* To do:
Each line below must be set down exactly; omit any image you find.
Top of Provided material
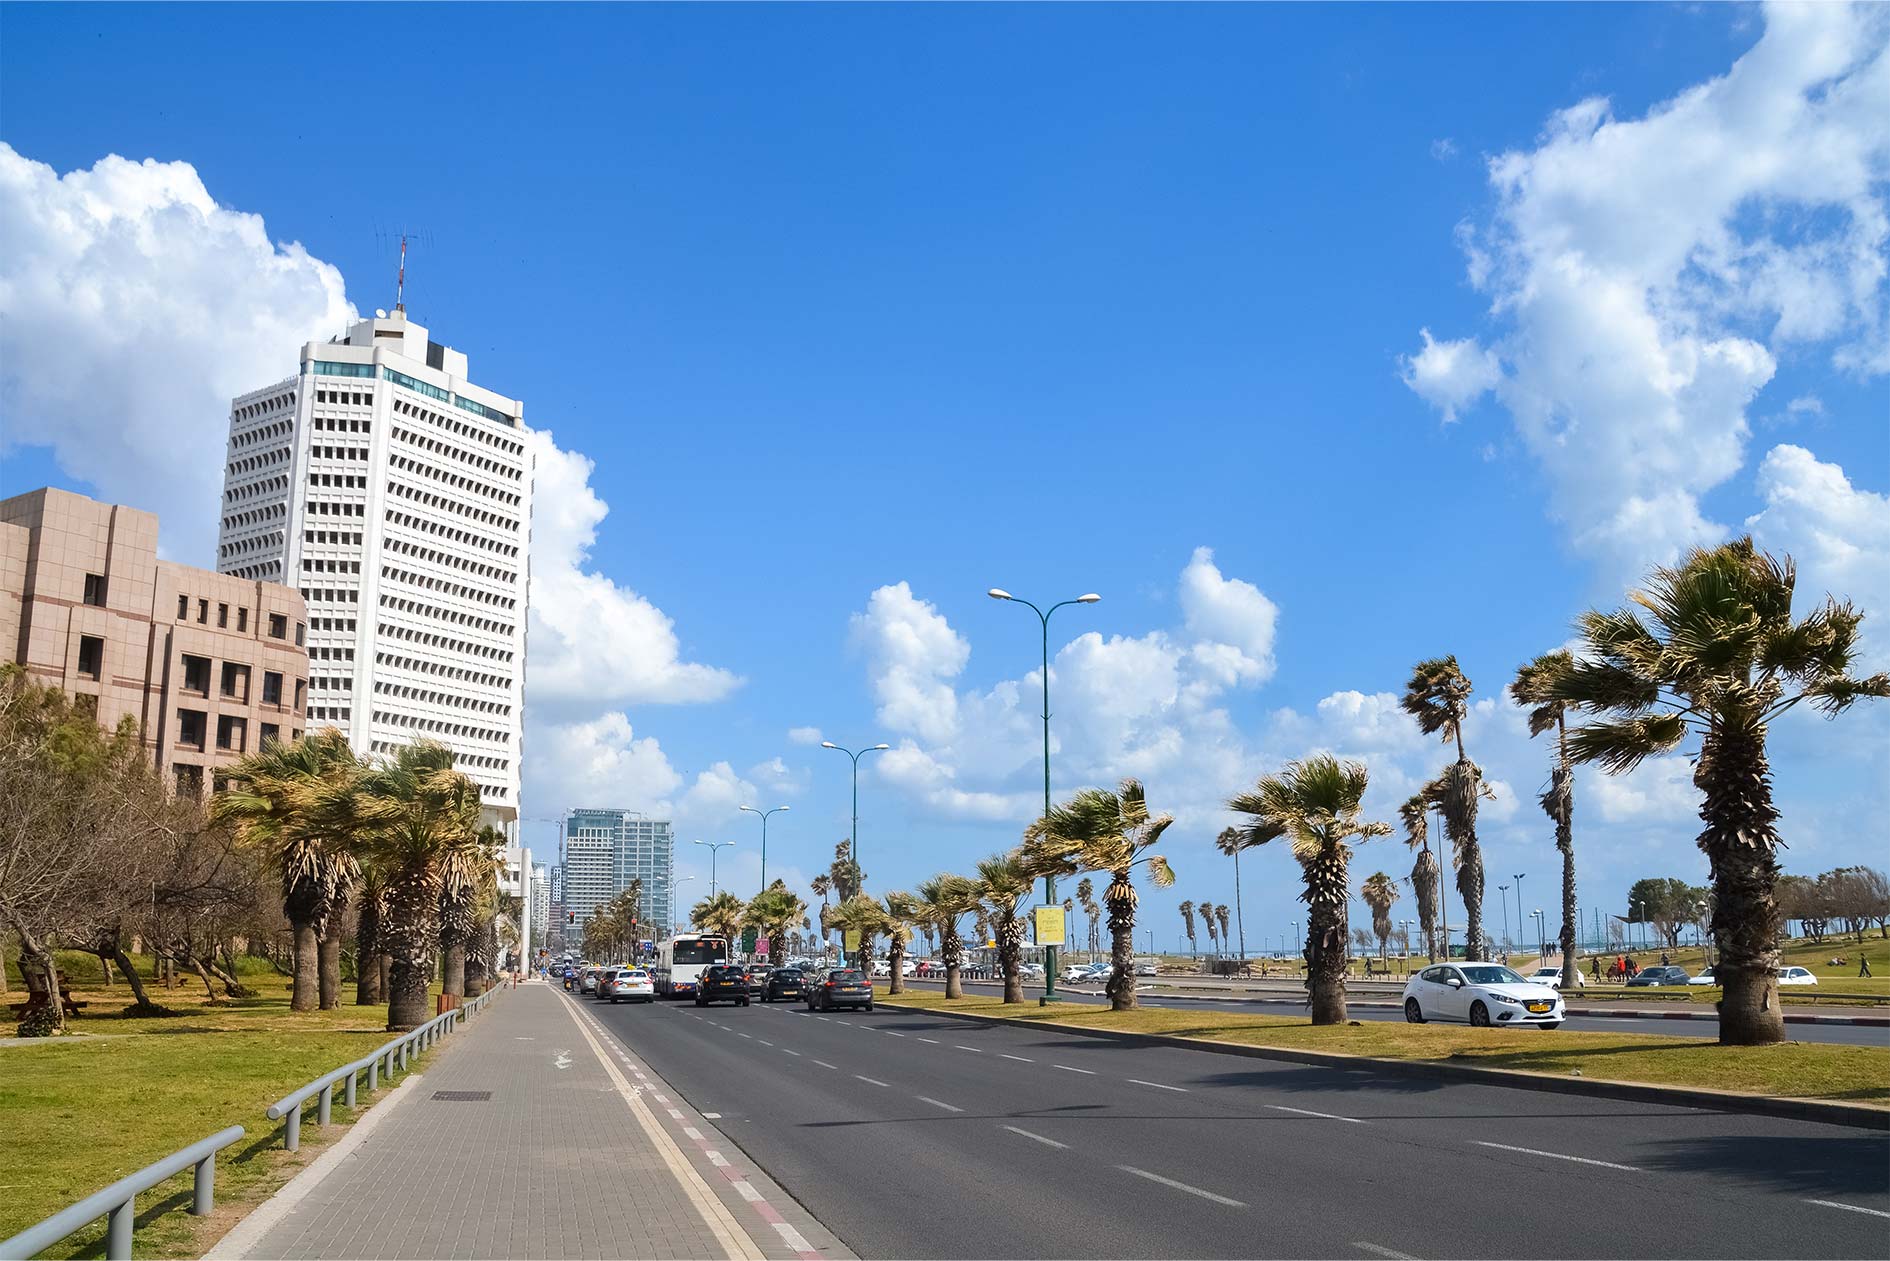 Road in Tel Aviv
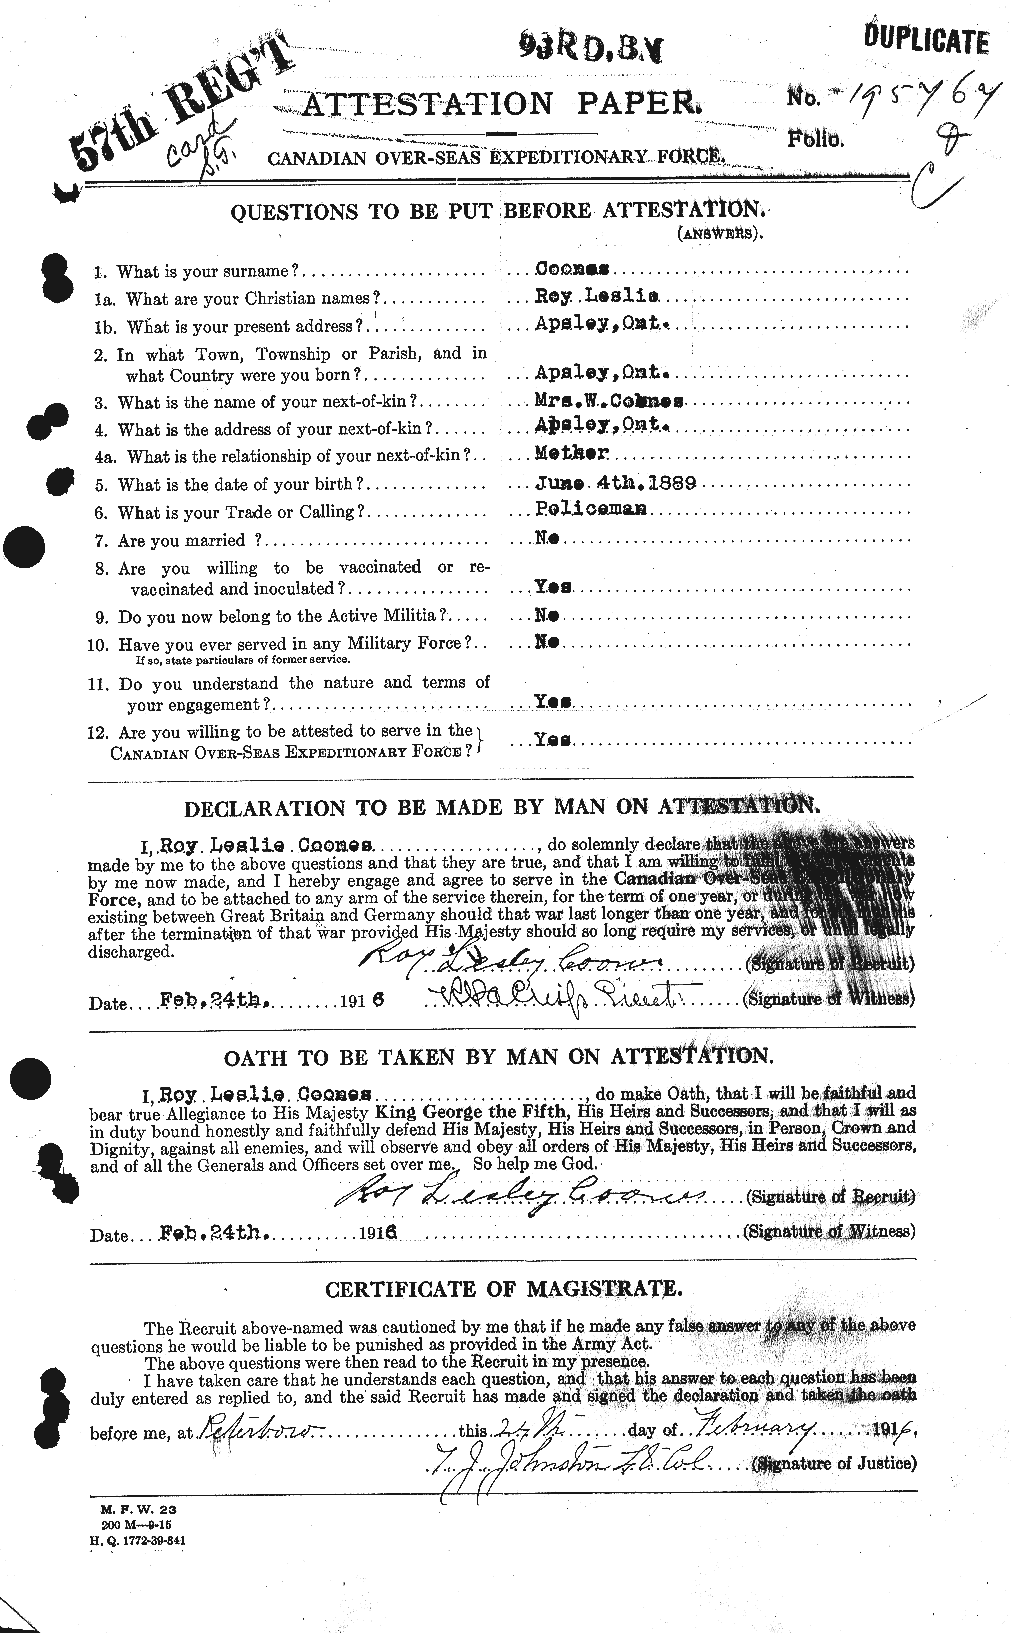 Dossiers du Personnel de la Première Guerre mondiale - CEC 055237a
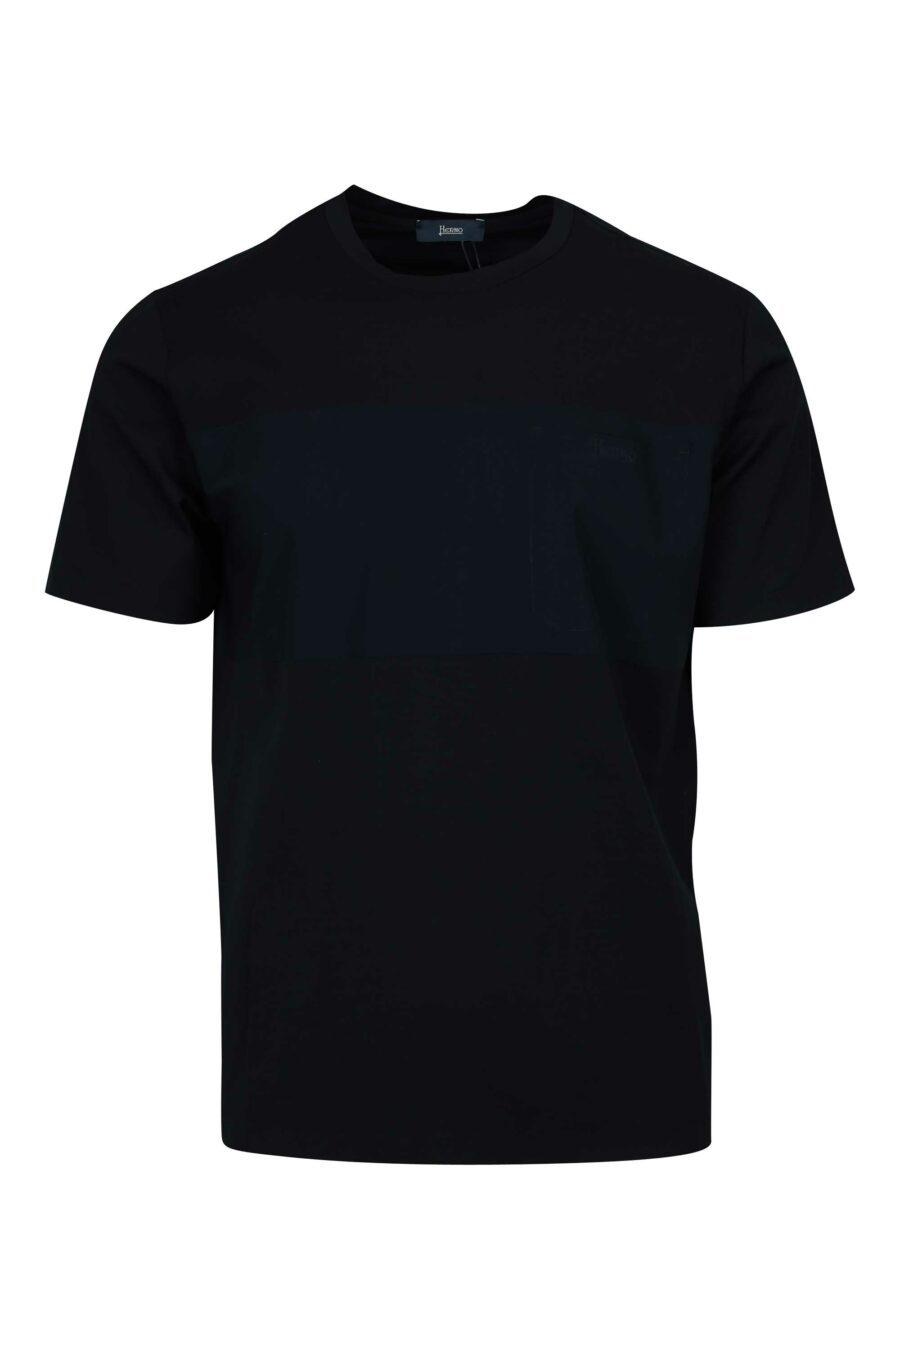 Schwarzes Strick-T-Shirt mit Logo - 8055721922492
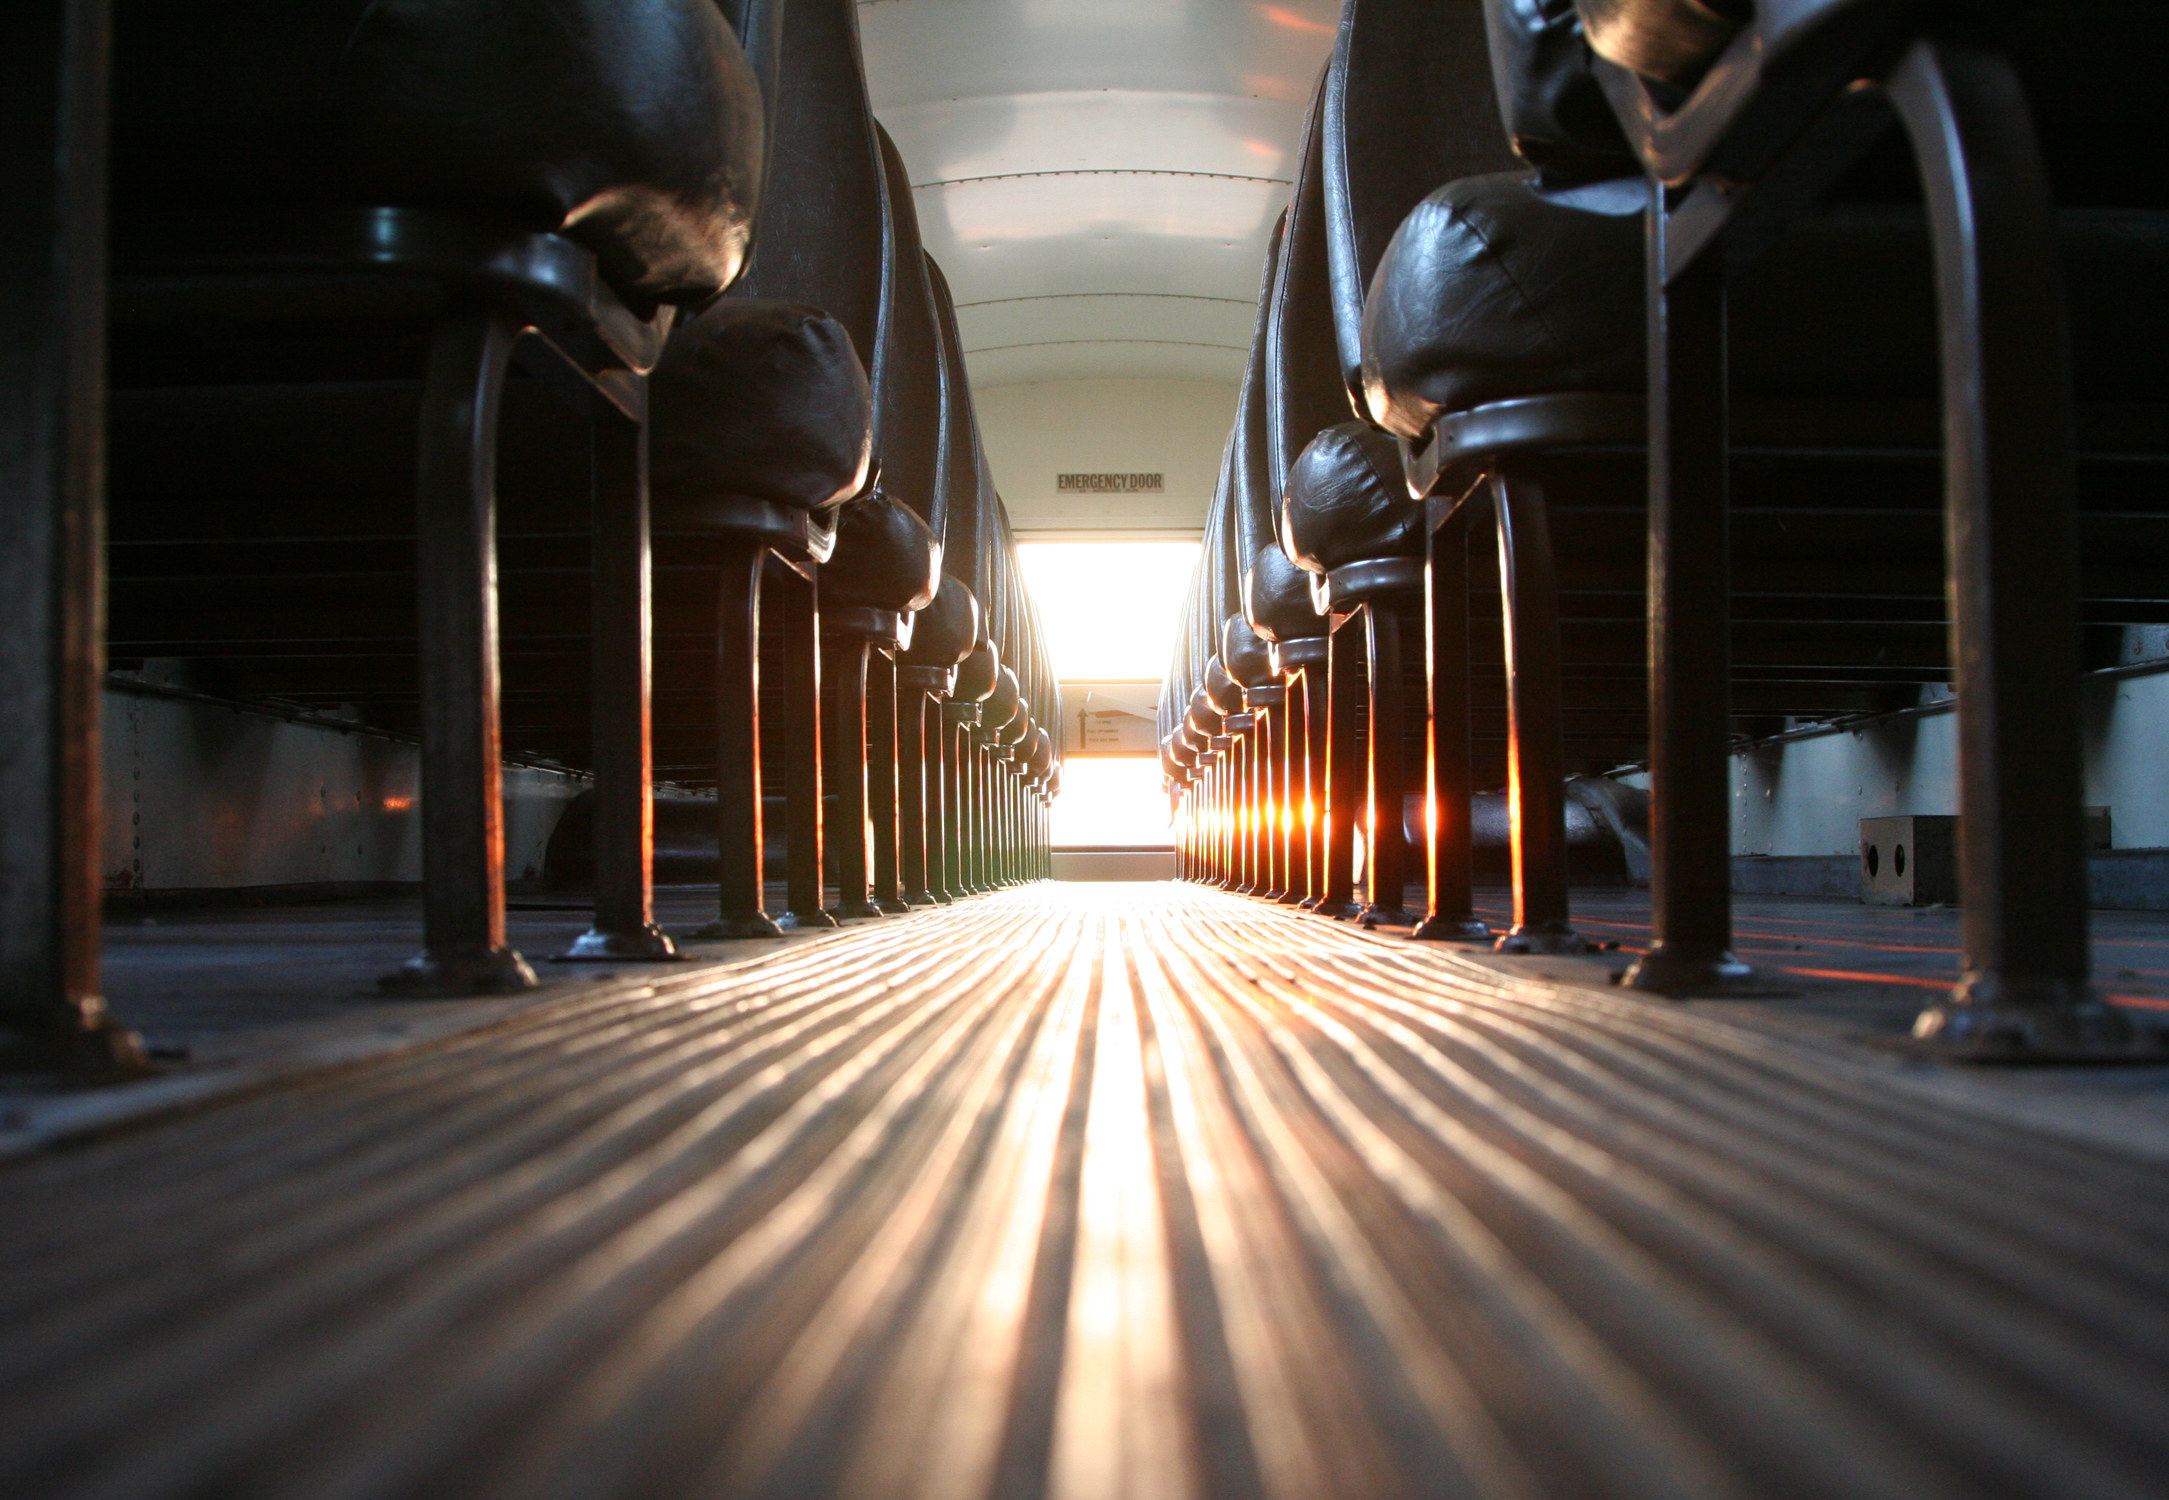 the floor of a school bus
Bottom of Provided material
* Result below:
 Road in Tel Aviv
 Dossiers du Personnel de la Première Guerre mondiale - CEC 055237a
 Schwarzes Strick-T-Shirt mit Logo - 8055721922492
 the floor of a school bus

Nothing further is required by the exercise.